Leave out the pictures and retype, exactly, the lines below from the line with "Leather & Fabric Slip-On Loafers, Brown" up to and including the line with "By esteemed designer", nothing more.

DATA SUPPLIED:
↓
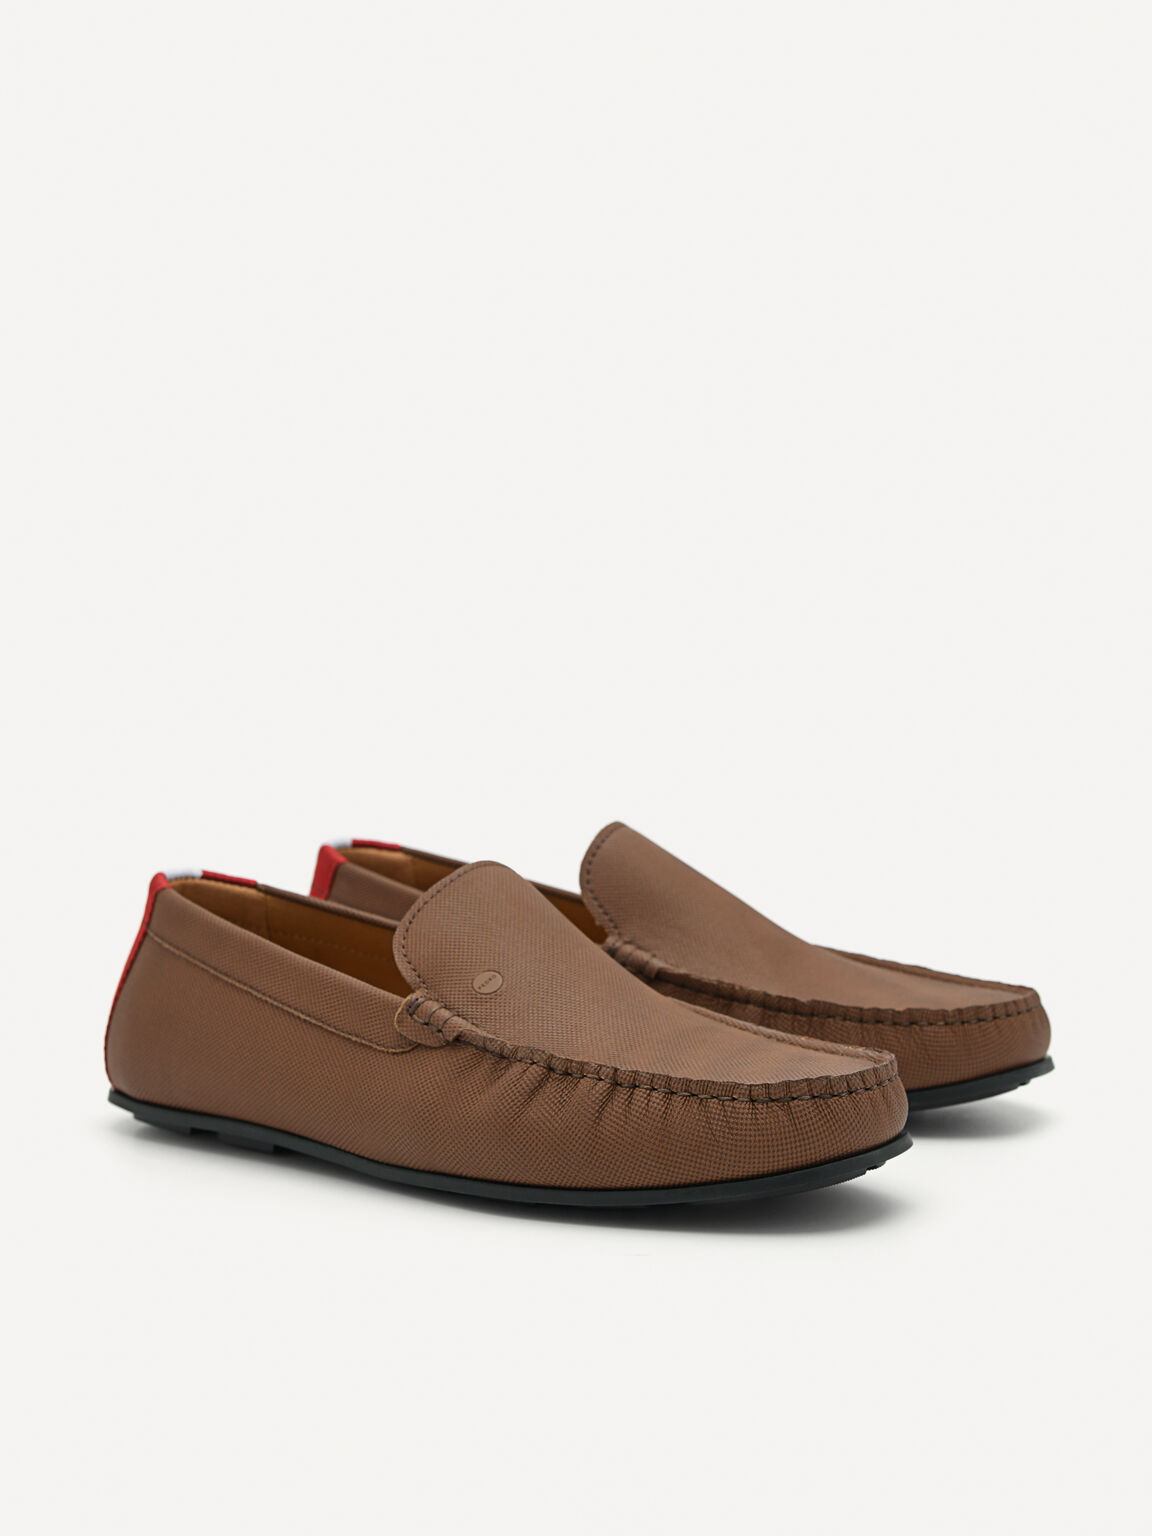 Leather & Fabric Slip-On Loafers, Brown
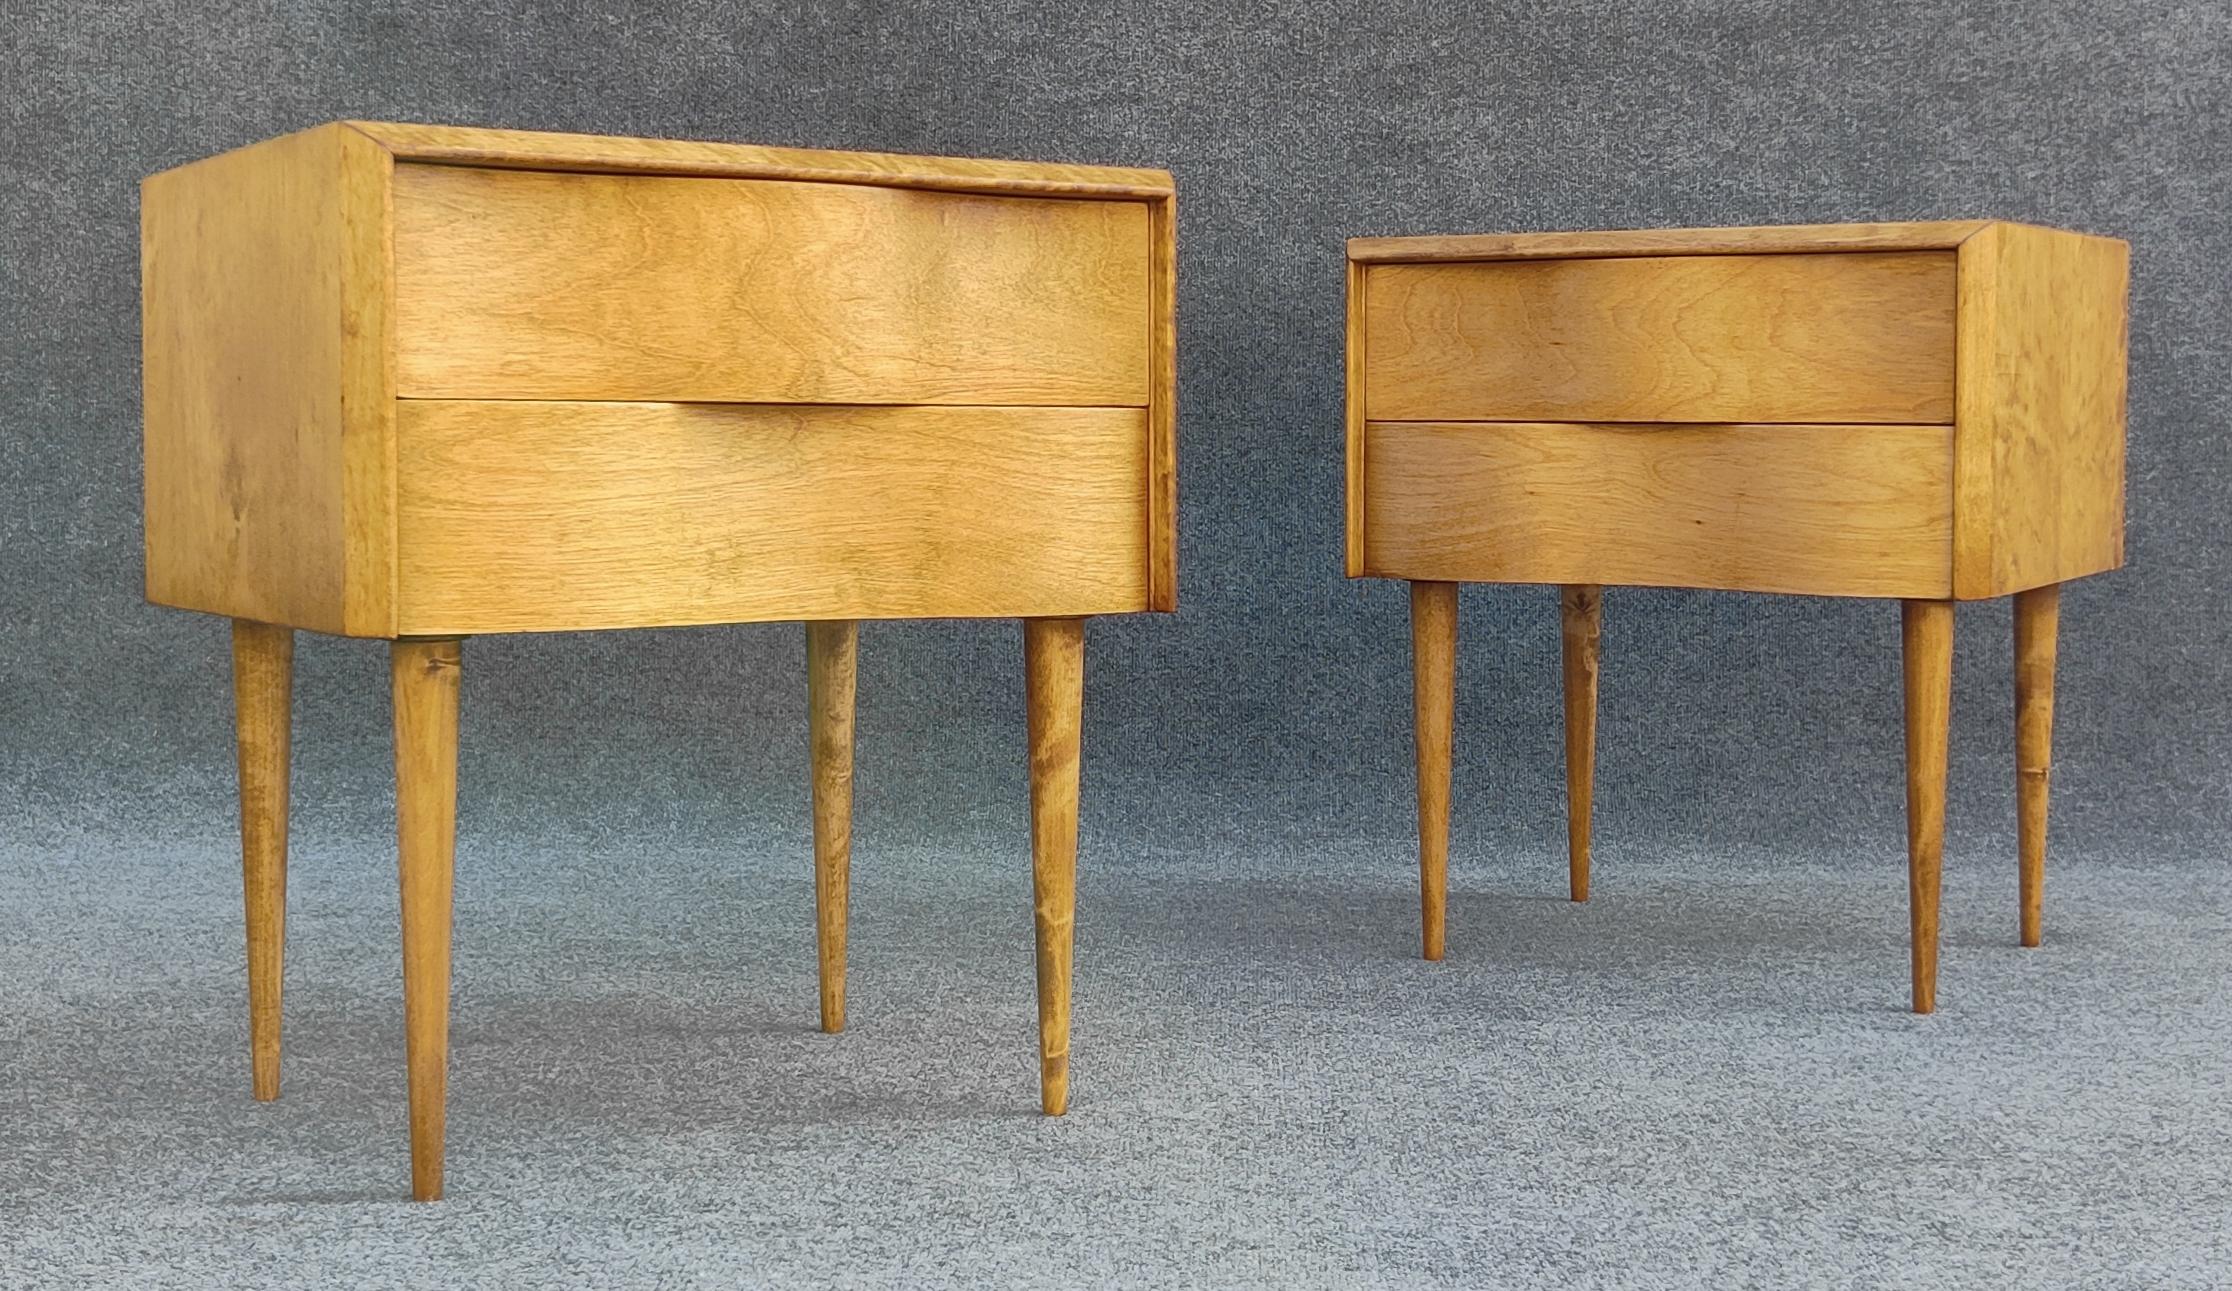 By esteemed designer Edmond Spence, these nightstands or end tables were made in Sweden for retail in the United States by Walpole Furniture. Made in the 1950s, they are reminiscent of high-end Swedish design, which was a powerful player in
↑
↓
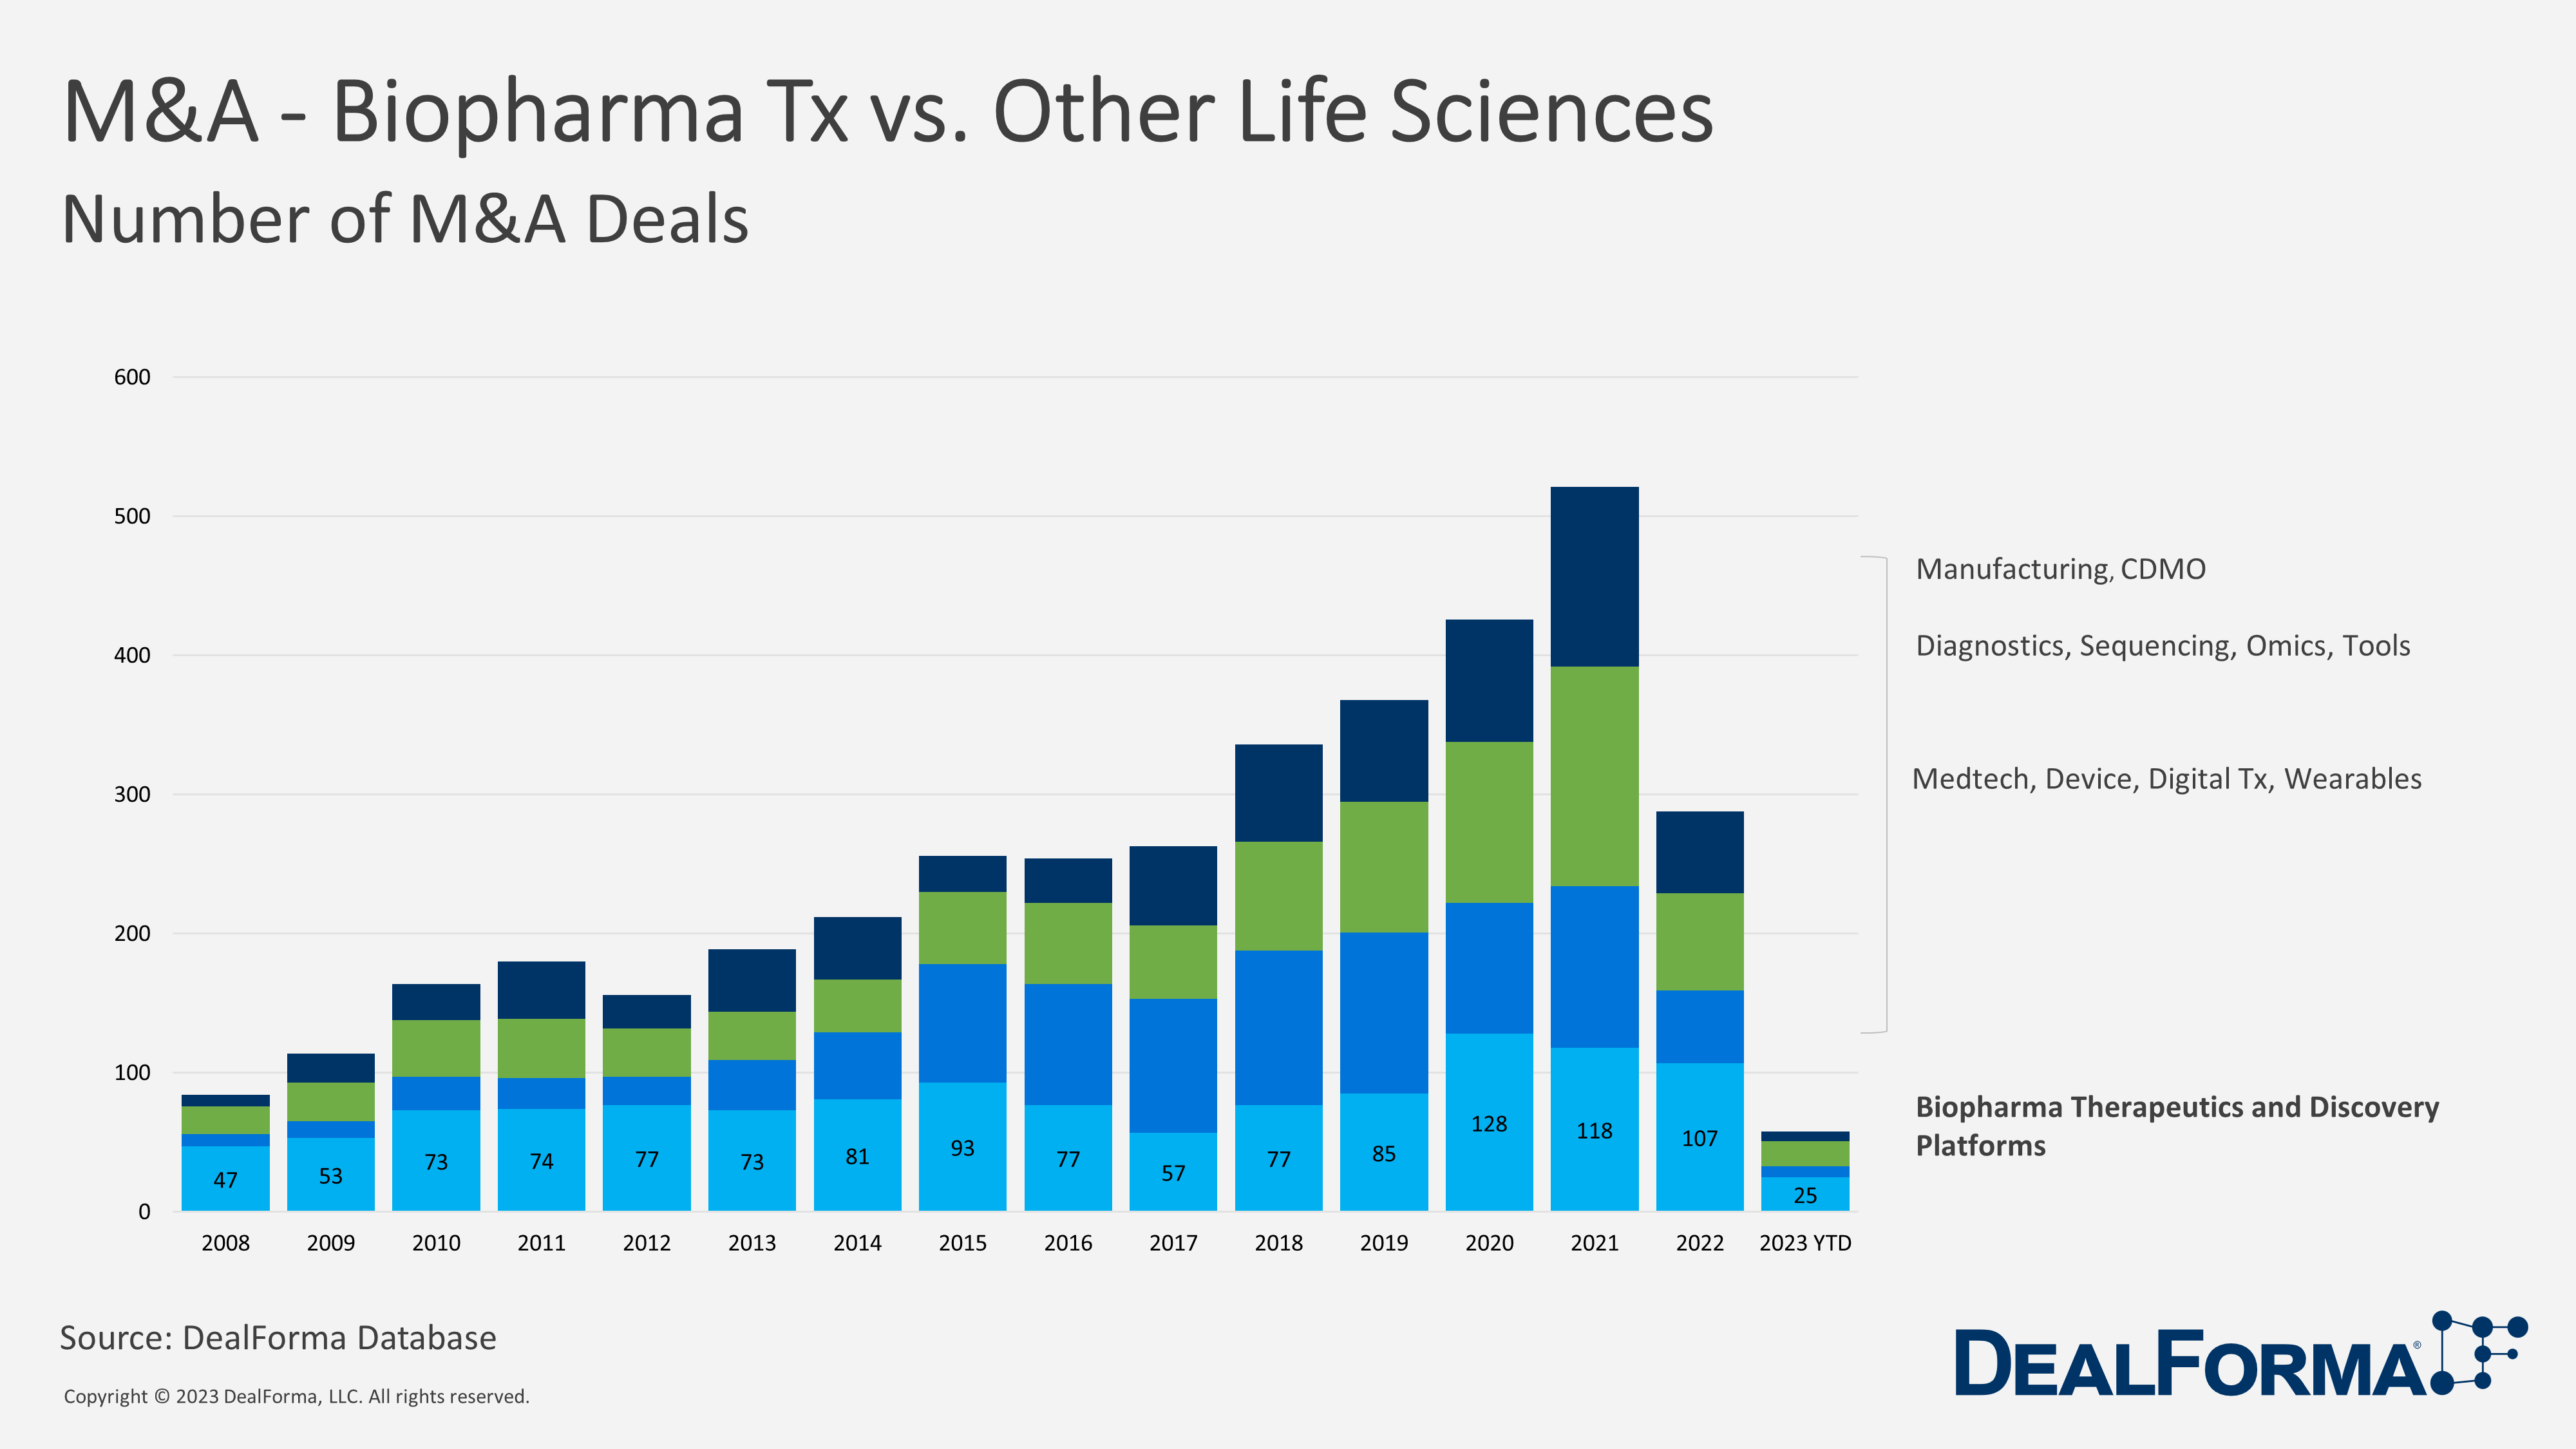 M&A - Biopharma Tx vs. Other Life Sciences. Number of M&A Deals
↑
ANSWER TO THIS PROBLEM:
 Leather & Fabric Slip-On Loafers, Brown
 By esteemed designer Edmond Spence, these nightstands or end tables were made in Sweden for retail in the United States by Walpole Furniture. Made in the 1950s, they are reminiscent of high-end Swedish design, which was a powerful player in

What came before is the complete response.